Currently failing at basic probability…
Given a sequence of items, linear search means looking at each in turn and seeing if it's the one we're looking for. (I.e. in the worst case, it's the last item in the sequence or not in the sequence at all and we'll have to look at all items to find it/determine it's not there.)
How many elements of the input sequence need to be checked on average, assuming that the element being searched for is equally likely to be any element in the array?
Ok, we know two things:
- the element we're looking for is in the array
- P[the i-th item is the one we're looking for] = $\frac{1}{n}$ for all $i\in\{1,..,n\}$
And I think I'm supposed to get $\frac{n+1}{2}$ or $\frac{n}{2}$ or something thereabout.
Let $X$ be the number of items the linear search algorithm is looking at.
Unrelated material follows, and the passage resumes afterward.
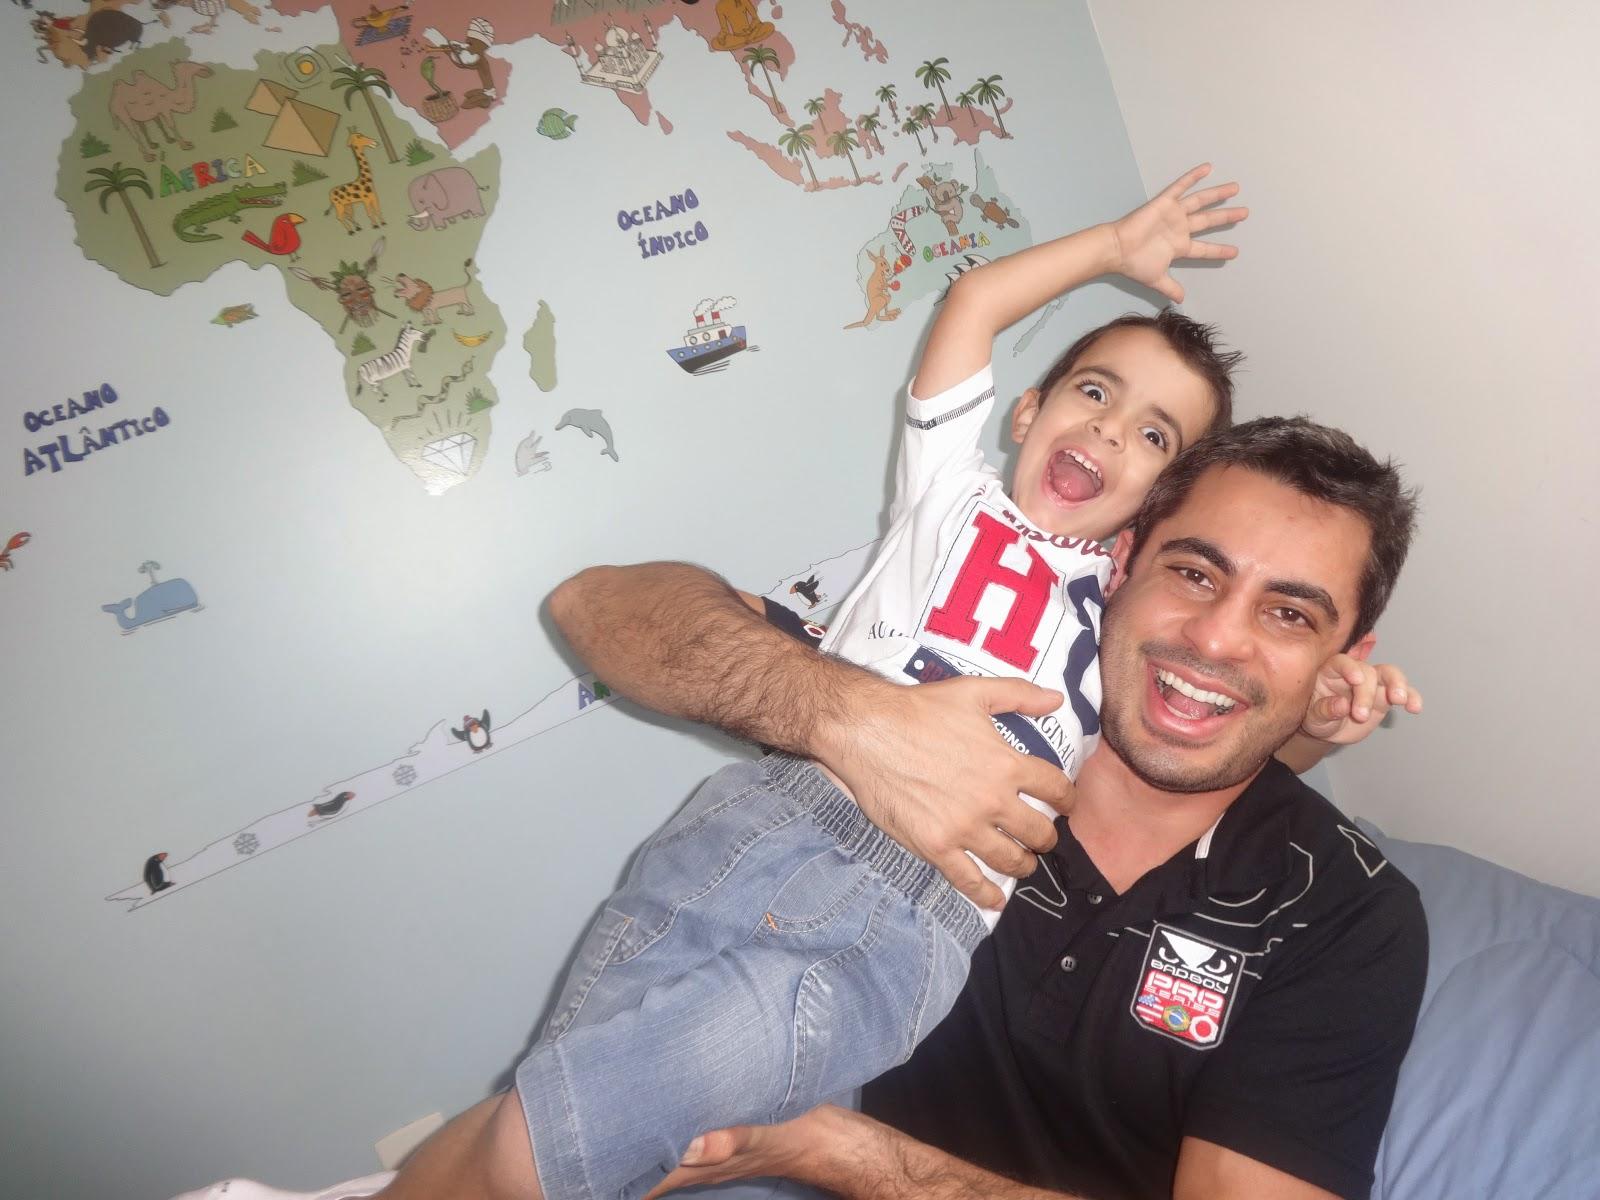 Mãe Sem Frescura - Dia dos Pais – A Importância da Relação entre Pai e Filho

$$\begin{align} P[X=1] &= \frac{1}{n} \\ P[X=2] &= \left(1-\frac{1}{n}\right)\frac{1}{n} \\ P[X=3] &= \left(1-\frac{1}{n}\right)^2\frac{1}{n} \\ & \ \ \vdots \\ \end{align}$$
So
$$\begin{align} \mathbb{E}(X) &= \sum_{i=1}^n i\left(1-\frac{1}{n}\right)^{i-1}\frac{1}{n} \\ &= \frac{1}{n}\sum_{i=1}^n i\left(1-\frac{1}{n}\right)^{i-1} \\ \end{align}$$
That's not something I want to solve myself, so I gave it to Wolfram Alpha and got
$$\left(1-2\left(\frac{n-1}{n}\right)^n\right)n$$
This doesn't look particularly close.
Where did I go wrong?
Assuming that there is exactly one item of interest: $$P[X=i]=\frac1n\text{ for }1\le i\le n$$ $$E[X]=\sum_{i=1}^n\frac in=\frac1n\sum_{i=1}^ni=\frac{n(n+1)}{2n}=\frac{n+1}2$$ If $P[X=i]=\left(1-\frac1n\right)^{i-1}\frac1n$ instead then there is a geometric distribution, which can be realised as (say) there are $n$ rolls of an $n$-sided die and we are searching for the first 1 rolled. Here there is an extra $\left(1-\frac1n\right)^n$ probability of doing $n$ comparisons and not finding the desired item, leading to the expectation in this case as $$\left(1-2\left(\frac{n-1}n\right)^n+\left(1-\frac1n\right)^n\right)n$$ $$=\left(1-\left(1-\frac1n\right)^n\right)n$$ which is different from $\frac{n+1}2$ because the desired element may appear more than once in the array.